The matrix calculation unit 13 calculates a spatial delay matrix including a combination of a plurality of relation values by performing processing of calculating a relation value of the plurality of types of acoustic feature values to be included in a moving window having a predetermined time length, with respect to the plurality of types of acoustic feature values calculated by the feature value calculation unit 12 on a time-series basis for each predetermined time unit, by delaying the moving window by a predetermined delay amount. Here, the matrix calculation unit 13 calculates at least one of an analytical value of detrended cross-correlation analysis (DCCA) (hereinafter, referred to as a DCCA coefficient) and a mutual information amount, as the relation value of the plurality of types of acoustic feature values. At least one indicates that a spatial delay matrix with the DCCA coefficient as an individual matrix element may be calculated, a spatial delay matrix with the mutual information amount as an individual matrix element may be calculated, or both of the spatial delay matrices may be calculated.
The detrended cross-correlation analysis is one type of fractal analysis, and is a method of removing the trend of the linear relationship to be included in the time-series data with a difference operation, and then, of analyzing the cross-correlation. By performing the analysis by removing the trend of a linear relationship, a non-linear and non-stationary relationship of the plurality of acoustic feature values can be analyzed. That is, it is possible to represent the nonlinear relationship among multiple acoustic features, which is a non-stationary relationship that can vary over time, can be indicated by the time-series information of the DCCA coefficient.

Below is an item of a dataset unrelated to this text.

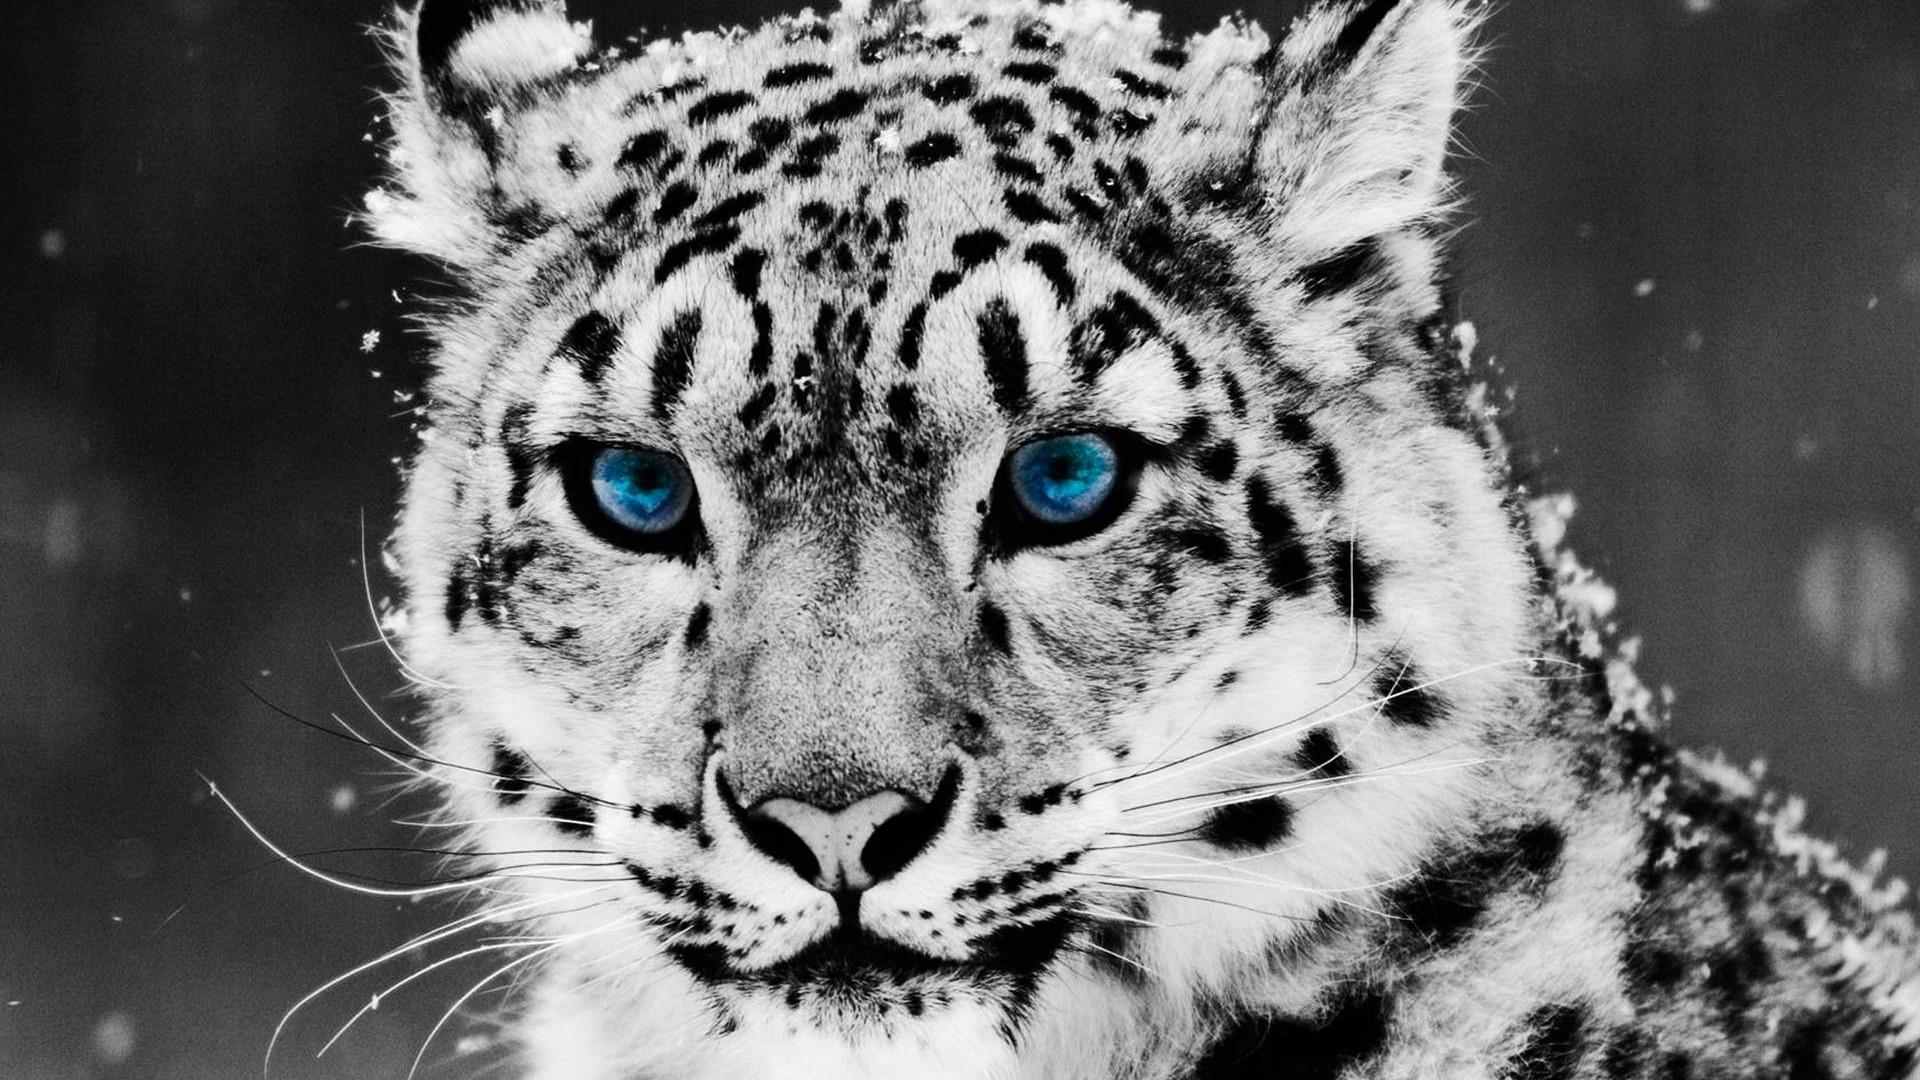 Snow Leopard Wallpaper High Quality WallpapersWallpaper Desktop 1920x1080

The mutual information amount is an amount indicating the scale of interdependence between two random variables, in a probability theory and an information theory, and can be said as the scale of an information amount shared by two acoustic feature values. For example, the mutual information amount indicates how accurately can the other acoustic feature value be assumed in a case where one acoustic feature value is specified, and for example. In a case where two acoustic feature values are completely independent from each other, the mutual information amount is zero. In other words, the mutual information amount can be said as an index indicating the degree of a linear or non-linear relationship between two acoustic feature values, and the non-linear and non-stationary relationship of the plurality of acoustic feature values can be indicated by the time-series information of the mutual information amount.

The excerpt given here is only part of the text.